Isolation, identification, DNA extraction, genome sequencing, assembly and annotation

Shigella dysenteriae strain SD1D was isolated from stool sample of a healthy individual on March 19, 2013, using tryptic soya agar (TSA, HiMedia, India). Shigella dysenteriae strain SD1D was identified by 16S rRNA gene sequencing (1487 bp). Genomic DNA was extracted and amplification was performed using primers 27f (5′-AGAGTTTGATCCTGGCTCAG-3′) and 1500r (5′-AGAAAGGAGGTGATCCAGGC-3′). Agarose gel (1%) electrophoresis was used to separate amplified PCR fragment, which was subjected to gel elution and purification using QIAquick gel extraction kit (Qiagen). Further, four forward and three reverse primers were used for sequencing the purified PCR product. These were 27f (5′-AGAGTTTGATCCTGGCTCAG-3′), 357f (5′-CTCCTACGGGAGGCAGCAG-3′), 704f (5′-TAGCGGTGAAATGCGTAGA- 3′), 1114f (5′-GCAACGAGCGCAACC-3′), 685r (5′-TCTACGCATTTCACCGCTAC-3′), 1110r (5′-GGGTTGCGCTCGTTG-3′) and 1500r (5′-GAAAGGAGGTGATCCAGGC-3′) (Escherichia coli numbering system) [7]. Identification of phylogenetic neighbors and the calculation of pairwise 16S rRNA gene sequence similarities were achieved using the EzTaxon server [8] and aligned using MEGA version 5.0 [9]. Phylogenetic trees were constructed using the neighbor-joining as well as maximum parsimony algorithms. Bootstrap analysis was performed to evaluate the confidence limits of the branching. The genome of Shigella dysenteriae strain SD1D was sequenced using a standard run of Illumina HiSeq 1000 sequencing technology at c-CAMP, next generation genomic facility, Bengaluru, India (http://www.ccamp.res.in), which produced a total of 29, 186, 504 paired-end reads (paired distance (insert size) ~330 bp) of 101 bp. CLC Bio Workbench v6.0.4 (CLC Bio, Denmark) was employed for pre-processing the data to trim and remove low quality sequences. A total of 2, 90, 47, 554 high quality, vector filtered reads ~568X were used for assembly with CLC Bio Workbench (at word size of 45 and bubble size of 98. Function based comparative genomic analysis for Shigella dysenteriae strain SD1D, Shigella dysenteriae strain M131649, Shigella sonnei strain 53G, Shigella flexneri 2a strain 2457T and Shigella boydii strain BS512 was performed with the help of RAST (Rapid Annotation using Subsystem Technology) system. Final genome draft was employed for genome annotation using RAST server and RNAmmer 1.2 server [10, 11].

Quality assurance

Based on the 16S rRNA gene sequence, phylogenetic analysis, morphological and biochemical characterization, the strain SD1D was identified as Shigella dysenteriae. Cells of strain SD1D were Gram-negative rods, facultative anaerobes; positive for uitilization of D-fructose, L-rhamnose, sodium citrate, maltose, D-sorbitol and negative for adonitol, cellobiose, gentibiose and raffinose; positive for oxidase production and tween 80 hydrolysis.

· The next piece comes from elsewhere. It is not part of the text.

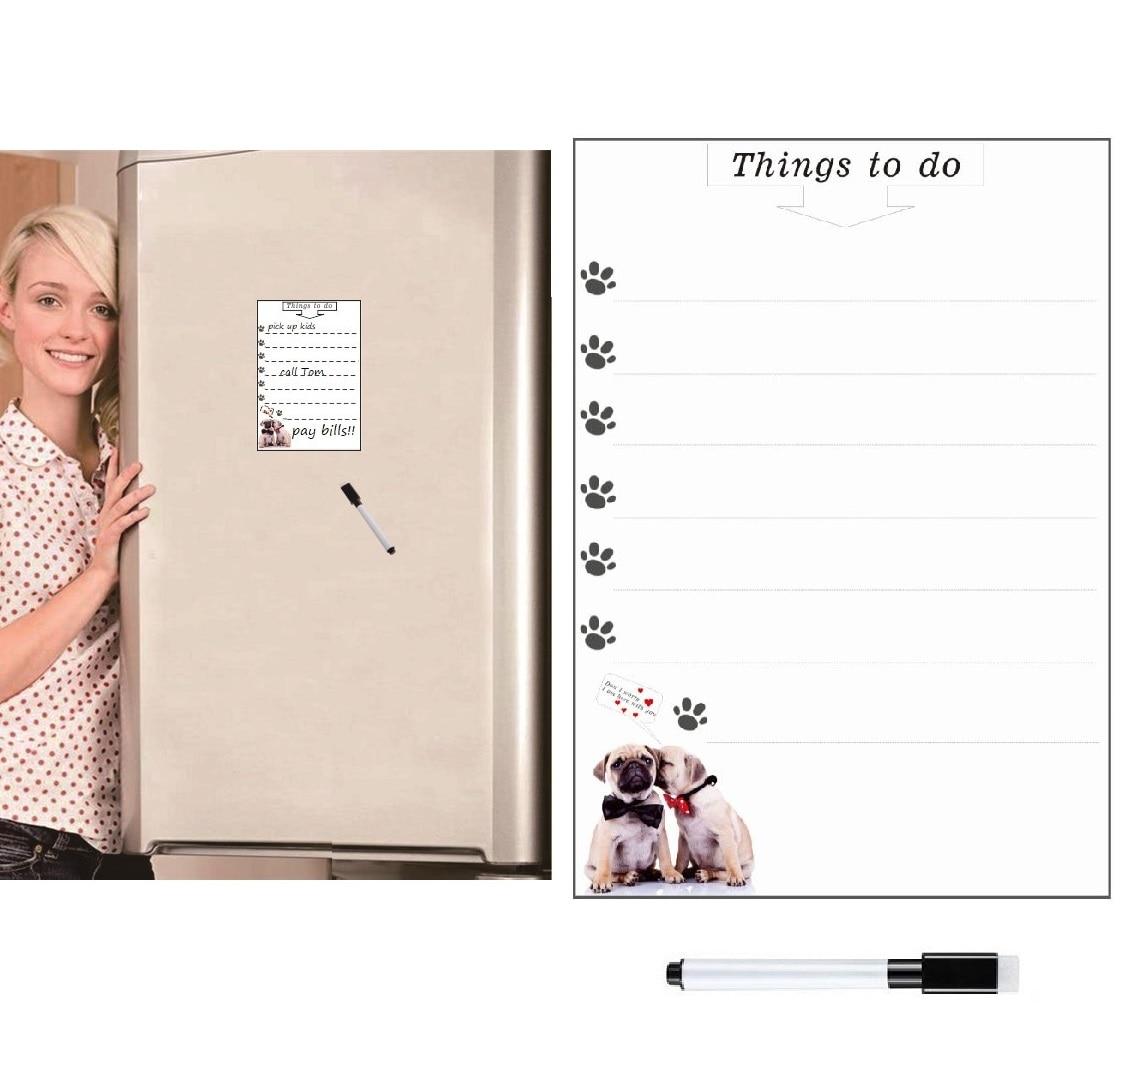 Dry Erase Magnetic Whiteboard White Board For Fridge Magnet Sticker Weekly Planner To Do List Cute Dog Message Board Marker Pen

To assess the purity of strain SD1D, the 16S rRNA gene sequence of strain SD1D was aligned with sequences of other members of genus Shigella retrieved from EzTaxon data base. The strain SD1D showed highest degree of similarity with Shigella dysenteriae strain ATCC 13313T (100%) followed by Shigella flexneri strain ATCC 29903T (99.13%), Shigella sonnei strain GTC 781T (98.98%) and Shigella boydii strain GTC 779T (98.58%). Also the phylogenetic analyses using neighbor-joining, maximum parsimony and maximum likelihood algorithm revealed that the strain SD1D formed a separate branch within the lineage that included Shigella dysenteriae (Figure 1).

Figure 1
figure 1

Phylogenetic tree using ‘neighbor-joining’ algorithm on 16S rRNA gene sequences showing the relationship between Shigella dysenteriae strain SD1D and related members of the genus Shigella. Escherichia coli ATCC 11775T (X80725) was used as an out-group. Bootstrap values (expressed as percentages of 100 replications) greater than 50% are given at nodes. Filled circles indicate that corresponding nodes were also recovered in the tree constructed with maximum parsimony and maximum likelihood. GenBank accession numbers are given in parentheses.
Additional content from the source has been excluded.